Dataset extract Start Marker

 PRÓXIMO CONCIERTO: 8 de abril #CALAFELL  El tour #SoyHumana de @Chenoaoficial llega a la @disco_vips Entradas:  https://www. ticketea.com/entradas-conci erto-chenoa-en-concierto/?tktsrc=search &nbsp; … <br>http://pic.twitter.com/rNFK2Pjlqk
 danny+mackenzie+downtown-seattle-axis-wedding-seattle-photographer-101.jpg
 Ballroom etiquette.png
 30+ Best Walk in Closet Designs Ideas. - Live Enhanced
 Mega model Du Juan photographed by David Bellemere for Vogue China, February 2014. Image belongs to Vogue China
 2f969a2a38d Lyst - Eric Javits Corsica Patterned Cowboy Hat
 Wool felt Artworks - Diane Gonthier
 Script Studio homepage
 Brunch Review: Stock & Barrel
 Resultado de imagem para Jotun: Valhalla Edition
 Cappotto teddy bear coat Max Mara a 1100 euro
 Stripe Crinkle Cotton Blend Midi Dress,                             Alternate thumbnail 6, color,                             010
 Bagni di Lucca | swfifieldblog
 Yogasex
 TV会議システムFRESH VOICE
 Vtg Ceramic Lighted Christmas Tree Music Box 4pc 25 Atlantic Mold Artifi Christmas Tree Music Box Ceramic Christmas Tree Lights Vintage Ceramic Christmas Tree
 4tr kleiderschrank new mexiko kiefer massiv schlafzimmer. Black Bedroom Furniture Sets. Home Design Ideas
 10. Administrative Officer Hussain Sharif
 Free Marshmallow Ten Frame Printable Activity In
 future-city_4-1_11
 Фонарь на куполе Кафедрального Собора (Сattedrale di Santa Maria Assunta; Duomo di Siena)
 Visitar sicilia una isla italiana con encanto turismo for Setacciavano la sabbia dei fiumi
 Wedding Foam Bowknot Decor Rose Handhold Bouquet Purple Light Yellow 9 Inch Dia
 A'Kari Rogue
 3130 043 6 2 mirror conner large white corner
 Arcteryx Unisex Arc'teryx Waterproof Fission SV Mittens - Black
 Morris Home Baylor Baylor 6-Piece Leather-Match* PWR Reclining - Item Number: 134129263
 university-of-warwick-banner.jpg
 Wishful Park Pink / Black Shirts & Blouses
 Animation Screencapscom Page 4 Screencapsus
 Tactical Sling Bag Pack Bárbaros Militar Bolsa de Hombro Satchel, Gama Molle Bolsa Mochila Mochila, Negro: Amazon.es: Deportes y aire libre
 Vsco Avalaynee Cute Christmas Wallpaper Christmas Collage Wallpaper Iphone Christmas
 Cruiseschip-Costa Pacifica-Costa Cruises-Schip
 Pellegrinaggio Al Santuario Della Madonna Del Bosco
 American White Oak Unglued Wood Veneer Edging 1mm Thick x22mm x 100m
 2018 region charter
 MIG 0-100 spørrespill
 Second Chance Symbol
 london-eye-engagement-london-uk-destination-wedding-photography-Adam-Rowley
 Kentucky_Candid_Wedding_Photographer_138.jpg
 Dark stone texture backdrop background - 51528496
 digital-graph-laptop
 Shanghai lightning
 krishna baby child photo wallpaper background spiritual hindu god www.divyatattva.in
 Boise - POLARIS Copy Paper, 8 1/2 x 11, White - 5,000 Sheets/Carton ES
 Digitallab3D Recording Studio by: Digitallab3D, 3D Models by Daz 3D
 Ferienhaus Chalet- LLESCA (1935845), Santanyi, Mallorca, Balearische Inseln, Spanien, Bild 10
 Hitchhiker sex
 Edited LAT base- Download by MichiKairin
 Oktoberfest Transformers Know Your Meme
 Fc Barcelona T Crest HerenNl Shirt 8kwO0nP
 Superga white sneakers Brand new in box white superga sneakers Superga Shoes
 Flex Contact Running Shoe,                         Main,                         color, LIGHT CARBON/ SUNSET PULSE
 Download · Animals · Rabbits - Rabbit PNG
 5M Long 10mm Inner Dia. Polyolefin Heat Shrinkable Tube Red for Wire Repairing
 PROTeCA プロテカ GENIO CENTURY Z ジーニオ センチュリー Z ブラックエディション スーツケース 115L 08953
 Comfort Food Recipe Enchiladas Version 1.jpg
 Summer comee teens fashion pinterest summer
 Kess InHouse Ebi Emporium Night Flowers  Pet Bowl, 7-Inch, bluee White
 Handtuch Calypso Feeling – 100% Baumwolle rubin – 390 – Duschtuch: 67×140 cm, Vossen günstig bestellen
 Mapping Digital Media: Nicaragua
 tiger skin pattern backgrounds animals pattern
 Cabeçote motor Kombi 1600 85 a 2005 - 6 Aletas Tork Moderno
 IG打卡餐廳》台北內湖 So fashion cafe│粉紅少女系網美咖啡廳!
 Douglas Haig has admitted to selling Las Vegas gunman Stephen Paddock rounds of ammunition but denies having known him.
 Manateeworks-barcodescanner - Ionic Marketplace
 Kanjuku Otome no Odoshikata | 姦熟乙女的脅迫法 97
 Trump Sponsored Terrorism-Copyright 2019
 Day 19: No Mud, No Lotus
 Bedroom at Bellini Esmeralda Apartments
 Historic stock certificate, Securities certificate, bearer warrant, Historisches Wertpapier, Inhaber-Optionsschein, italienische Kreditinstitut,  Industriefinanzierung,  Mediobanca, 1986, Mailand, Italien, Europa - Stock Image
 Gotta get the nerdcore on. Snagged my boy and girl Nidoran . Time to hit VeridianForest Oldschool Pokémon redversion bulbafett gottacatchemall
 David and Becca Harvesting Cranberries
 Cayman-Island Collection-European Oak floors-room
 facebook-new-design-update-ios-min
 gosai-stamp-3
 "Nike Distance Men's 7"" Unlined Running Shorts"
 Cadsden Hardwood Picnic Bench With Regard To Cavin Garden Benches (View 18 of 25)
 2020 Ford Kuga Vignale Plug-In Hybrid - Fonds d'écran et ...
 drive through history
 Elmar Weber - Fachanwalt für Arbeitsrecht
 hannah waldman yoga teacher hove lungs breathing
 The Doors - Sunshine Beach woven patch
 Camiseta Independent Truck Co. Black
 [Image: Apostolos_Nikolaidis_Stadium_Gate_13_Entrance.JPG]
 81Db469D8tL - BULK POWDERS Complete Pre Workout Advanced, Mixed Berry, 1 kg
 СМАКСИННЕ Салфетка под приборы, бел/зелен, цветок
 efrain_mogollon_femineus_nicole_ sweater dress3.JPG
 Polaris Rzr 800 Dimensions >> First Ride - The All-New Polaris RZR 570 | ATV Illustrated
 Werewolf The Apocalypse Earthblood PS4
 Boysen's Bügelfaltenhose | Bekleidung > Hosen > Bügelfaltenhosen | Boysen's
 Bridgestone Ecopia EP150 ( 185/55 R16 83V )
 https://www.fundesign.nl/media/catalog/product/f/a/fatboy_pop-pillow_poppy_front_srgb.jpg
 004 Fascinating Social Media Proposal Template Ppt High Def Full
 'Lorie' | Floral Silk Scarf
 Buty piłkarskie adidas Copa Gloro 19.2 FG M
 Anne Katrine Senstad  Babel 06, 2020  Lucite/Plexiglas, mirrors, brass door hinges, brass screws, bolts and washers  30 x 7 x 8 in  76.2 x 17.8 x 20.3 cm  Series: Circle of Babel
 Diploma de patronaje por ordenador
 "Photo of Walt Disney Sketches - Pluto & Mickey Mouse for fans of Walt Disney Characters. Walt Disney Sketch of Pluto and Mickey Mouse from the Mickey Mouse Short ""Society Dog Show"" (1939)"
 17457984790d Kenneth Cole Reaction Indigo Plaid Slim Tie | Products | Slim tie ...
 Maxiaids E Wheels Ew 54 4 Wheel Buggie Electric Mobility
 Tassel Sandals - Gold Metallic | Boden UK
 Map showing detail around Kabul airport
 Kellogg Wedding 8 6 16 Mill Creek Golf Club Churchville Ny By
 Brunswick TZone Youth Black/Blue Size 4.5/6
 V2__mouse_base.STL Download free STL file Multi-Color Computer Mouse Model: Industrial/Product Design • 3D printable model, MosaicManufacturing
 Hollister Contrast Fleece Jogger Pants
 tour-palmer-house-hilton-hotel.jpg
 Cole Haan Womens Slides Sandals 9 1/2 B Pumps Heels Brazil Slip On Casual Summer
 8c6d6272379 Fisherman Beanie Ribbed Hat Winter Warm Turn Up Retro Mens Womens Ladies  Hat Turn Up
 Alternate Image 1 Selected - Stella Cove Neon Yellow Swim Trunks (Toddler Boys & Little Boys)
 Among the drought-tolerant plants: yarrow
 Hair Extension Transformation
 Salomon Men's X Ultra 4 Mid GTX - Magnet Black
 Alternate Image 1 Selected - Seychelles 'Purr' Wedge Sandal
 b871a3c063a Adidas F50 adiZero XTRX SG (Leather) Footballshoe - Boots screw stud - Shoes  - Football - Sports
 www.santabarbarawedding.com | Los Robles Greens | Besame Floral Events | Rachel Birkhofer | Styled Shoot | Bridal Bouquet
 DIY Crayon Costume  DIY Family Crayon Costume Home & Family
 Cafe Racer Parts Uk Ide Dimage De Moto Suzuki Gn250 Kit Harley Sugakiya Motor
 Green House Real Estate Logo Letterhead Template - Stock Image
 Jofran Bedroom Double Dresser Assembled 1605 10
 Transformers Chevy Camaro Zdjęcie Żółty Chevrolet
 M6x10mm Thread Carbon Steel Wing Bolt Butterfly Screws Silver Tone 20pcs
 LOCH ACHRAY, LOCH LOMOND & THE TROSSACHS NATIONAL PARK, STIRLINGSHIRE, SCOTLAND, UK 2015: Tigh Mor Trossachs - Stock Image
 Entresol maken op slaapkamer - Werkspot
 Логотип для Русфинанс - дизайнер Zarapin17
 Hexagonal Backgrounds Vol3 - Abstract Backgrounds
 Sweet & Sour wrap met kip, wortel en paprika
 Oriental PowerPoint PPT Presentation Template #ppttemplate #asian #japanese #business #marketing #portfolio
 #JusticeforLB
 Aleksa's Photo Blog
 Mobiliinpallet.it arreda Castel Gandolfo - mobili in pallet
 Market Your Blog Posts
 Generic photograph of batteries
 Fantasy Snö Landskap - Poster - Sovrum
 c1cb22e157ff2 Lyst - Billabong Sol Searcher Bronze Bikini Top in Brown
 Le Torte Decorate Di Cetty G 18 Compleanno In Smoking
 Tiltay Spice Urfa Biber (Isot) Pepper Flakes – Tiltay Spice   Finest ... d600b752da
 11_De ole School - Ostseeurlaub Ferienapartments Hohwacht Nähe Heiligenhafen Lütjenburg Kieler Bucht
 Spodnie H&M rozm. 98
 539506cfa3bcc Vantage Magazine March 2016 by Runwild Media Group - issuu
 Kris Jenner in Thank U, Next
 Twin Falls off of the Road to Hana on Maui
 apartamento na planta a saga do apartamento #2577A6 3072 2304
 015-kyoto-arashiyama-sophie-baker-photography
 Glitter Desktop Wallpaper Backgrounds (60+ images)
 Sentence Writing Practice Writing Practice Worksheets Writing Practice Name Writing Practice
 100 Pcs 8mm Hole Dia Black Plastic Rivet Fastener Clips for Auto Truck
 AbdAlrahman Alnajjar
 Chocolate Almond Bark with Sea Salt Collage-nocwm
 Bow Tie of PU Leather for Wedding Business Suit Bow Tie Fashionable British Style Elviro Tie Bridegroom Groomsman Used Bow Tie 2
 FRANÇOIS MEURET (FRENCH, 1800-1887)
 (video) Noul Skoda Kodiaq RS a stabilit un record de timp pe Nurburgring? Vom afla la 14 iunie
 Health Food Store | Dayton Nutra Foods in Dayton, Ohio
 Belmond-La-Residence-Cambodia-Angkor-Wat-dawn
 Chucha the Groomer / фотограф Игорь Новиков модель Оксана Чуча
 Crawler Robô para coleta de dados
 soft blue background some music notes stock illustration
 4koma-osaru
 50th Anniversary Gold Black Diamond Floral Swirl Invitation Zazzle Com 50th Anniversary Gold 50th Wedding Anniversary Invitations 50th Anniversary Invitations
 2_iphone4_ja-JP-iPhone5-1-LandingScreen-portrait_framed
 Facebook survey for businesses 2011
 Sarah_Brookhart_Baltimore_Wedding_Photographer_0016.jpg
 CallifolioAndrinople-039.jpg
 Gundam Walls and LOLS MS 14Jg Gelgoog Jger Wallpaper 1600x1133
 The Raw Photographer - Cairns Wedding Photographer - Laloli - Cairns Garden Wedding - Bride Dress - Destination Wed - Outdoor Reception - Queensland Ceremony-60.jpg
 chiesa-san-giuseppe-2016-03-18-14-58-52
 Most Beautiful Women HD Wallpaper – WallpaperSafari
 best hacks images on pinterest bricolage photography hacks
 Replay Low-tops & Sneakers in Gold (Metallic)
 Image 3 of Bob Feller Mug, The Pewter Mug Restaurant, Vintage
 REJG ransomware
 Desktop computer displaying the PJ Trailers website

Dataset extract End Marker

=== What is expected ===
Give back exactly the lines above starting at the line where "Generic photograph of batteries" appears and ending at the line where "Tiltay Spice Urfa" appears, both included, with no other lines.

=== Result of this task ===
 Generic photograph of batteries
 Fantasy Snö Landskap - Poster - Sovrum
 c1cb22e157ff2 Lyst - Billabong Sol Searcher Bronze Bikini Top in Brown
 Le Torte Decorate Di Cetty G 18 Compleanno In Smoking
 Tiltay Spice Urfa Biber (Isot) Pepper Flakes – Tiltay Spice   Finest ... d600b752da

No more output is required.